Заниматься детьми приходилось больше всего мне: Шрей был хирургом, а Анной овладела какая-то неприязнь к детям, которую я не мог объяснить себе: в начале путешествия она живо интересовалась судьбой первых новорожденных.

Были ли мы с Анной счастливы? Не знаю.

Любовь не поддается научному исследованию, ее нельзя выразить ни в формулах, ни в таблицах, нельзя ни предвидеть, ни выразить ее величину. И все же жизнь без нее не была бы полной. Любовь порождает единство мечтаний, когда любящий видит мир глазами другого;приносит радость проникновения в его заботы и принятия на свои плечи его бремени, которое никогда не кажется слишком тяжелым. Страсть становится тогда лишь одним из многих звеньев, связывающих двух людей, а нежность превращается в тот язык без слов, который начинается там, где прекращается обычный, будничный язык. Так любить можно лишь один раз.

Когда головы двух людей сближаются для поцелуя, лица другого нельзя охватить взглядом, потому что оно находится слишком близко; эта близость ничего не решает, ни к чему не обязывает. Напрасно я хотел насильно вызвать у себя чувство, напрасно искал его в жарком поцелуе, в горячем объятии, – оно было в вечернем молчании, в полускрытой улыбке, в случайном, неожиданном прикосновении рук, когда рука одного хочет погладить руку другой и несмело останавливается на полпути. Как мало понимал я Анну, как бесконечно мало касалось меня то, чем она жила!

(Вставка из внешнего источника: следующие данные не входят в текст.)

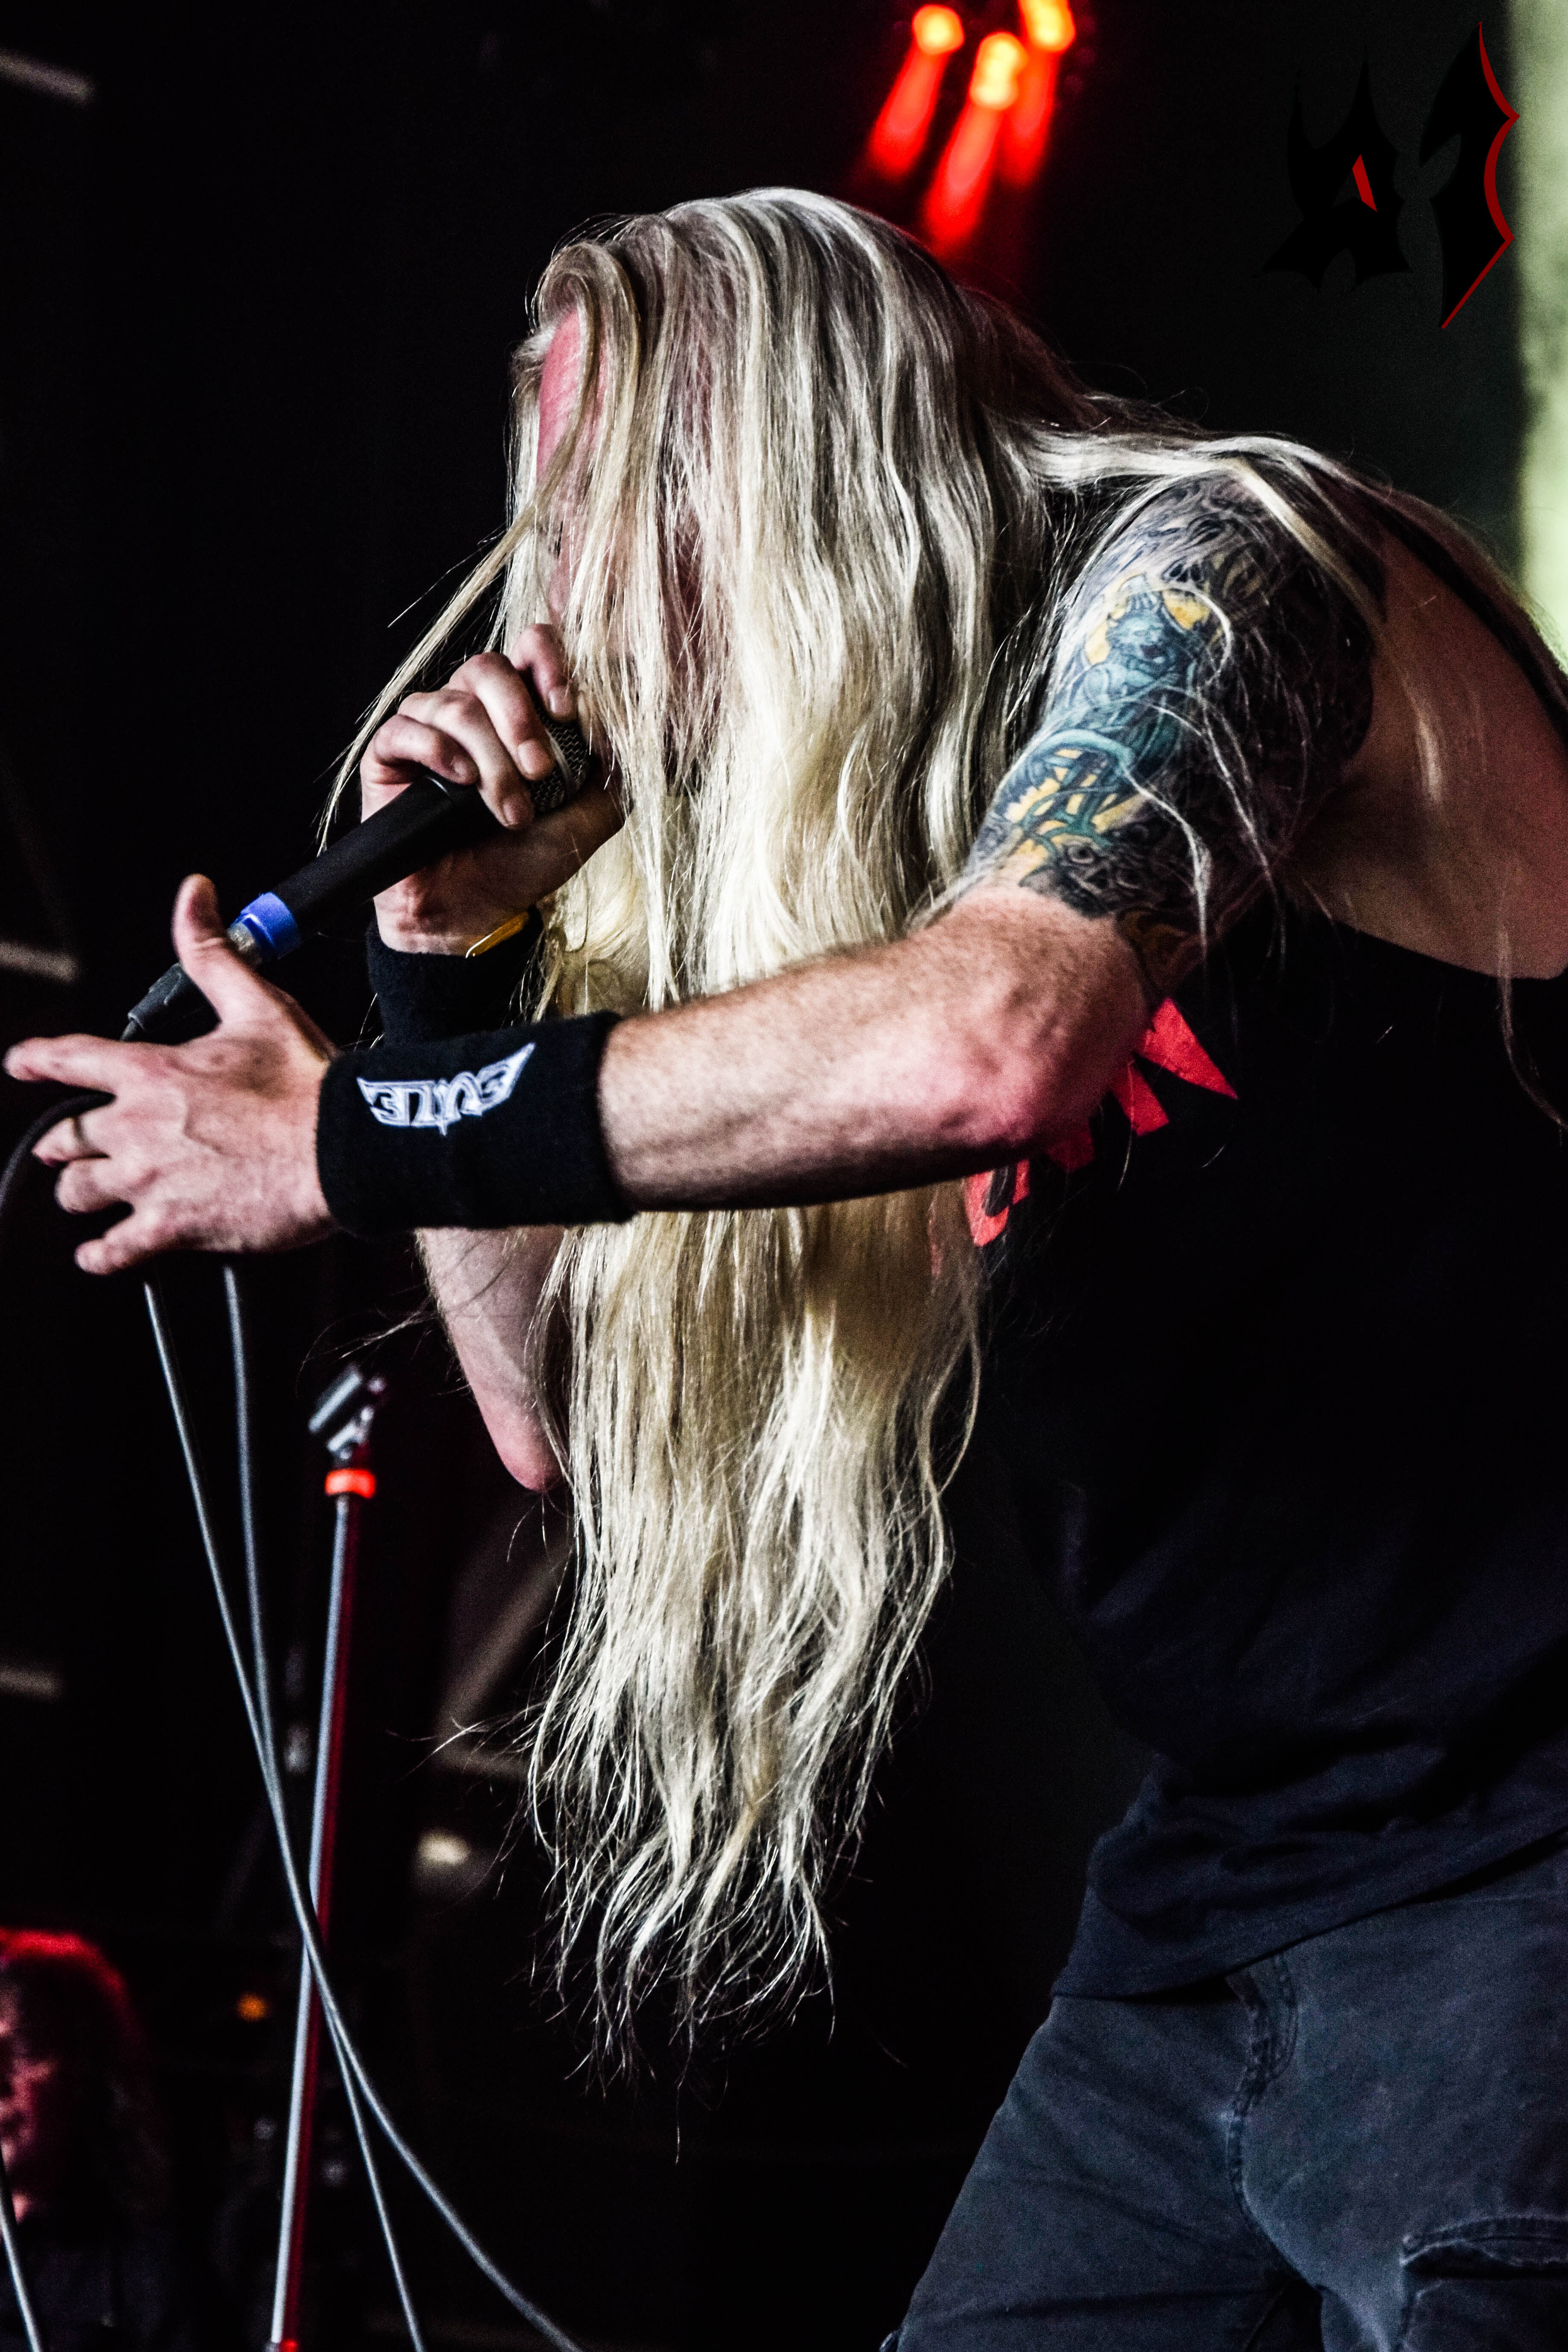 Hellfest - Jour 2 - Memoriam 11

Я неоднократно замечал, что она помнила все– вплоть до самых мелких– детали наших первых встреч, в то время, как я не помнил почти ничего; я приписывал это свойственной женщинам способности запоминать, которая часто отсутствует у мужчин.

Однажды вечером мы сидели на тахте, покрытой тяжелым белым мехом. Усталый, я положил голову на руки Анны и смотрел в пространство невидящими глазами. Комнату освещала низко висевшая голубая лампочка. Я часто говорил Анне, как мы найдем планету, такую маленькую, что на ней хватит места лишь для двоих, именно для нас. Мы останемся на ней и будем жить в маленьком домике среди звезд. Лениво, полушепотом я повторял то же самое и теперь, как вдруг увидел в зеркале на стене лицо Анны.

Она слушала меня с еле уловимой горькой гримаской, исказившей ее губы, которая как бы говорила: «Я знаю, что все это – ложь, и ты твердишь это лишь для того, чтобы заполнить молчание, что ты забудешь каждое слово, едва успев произнести его, – и все же продолжай, говори, говори дальше».

И в это мгновение я понял, что не давал ей ничего. Она для меня была лишь теплым, тихим убежищем от пустоты длинных часов, недель и месяцев. Ее любовь не страшилась звезд, а я думал лишь о том, какие у нее душистые волосы и нежная, кожа. Анна понимала это с самого начала и шла на все с каким-то спокойным отчаянием: она любила меня. Я был для нее самым дорогим и в то же время чужим человеком; равнодушный и холодный человек этот вошел в ее жизнь, стал перебирать самые интимные воспоминания, копался в них, как ребенок в игрушках, на мгновение подносил к глазам, чтобы тут же со скукой отбросить прочь; иногда он бывал нежен – и это было еще хуже.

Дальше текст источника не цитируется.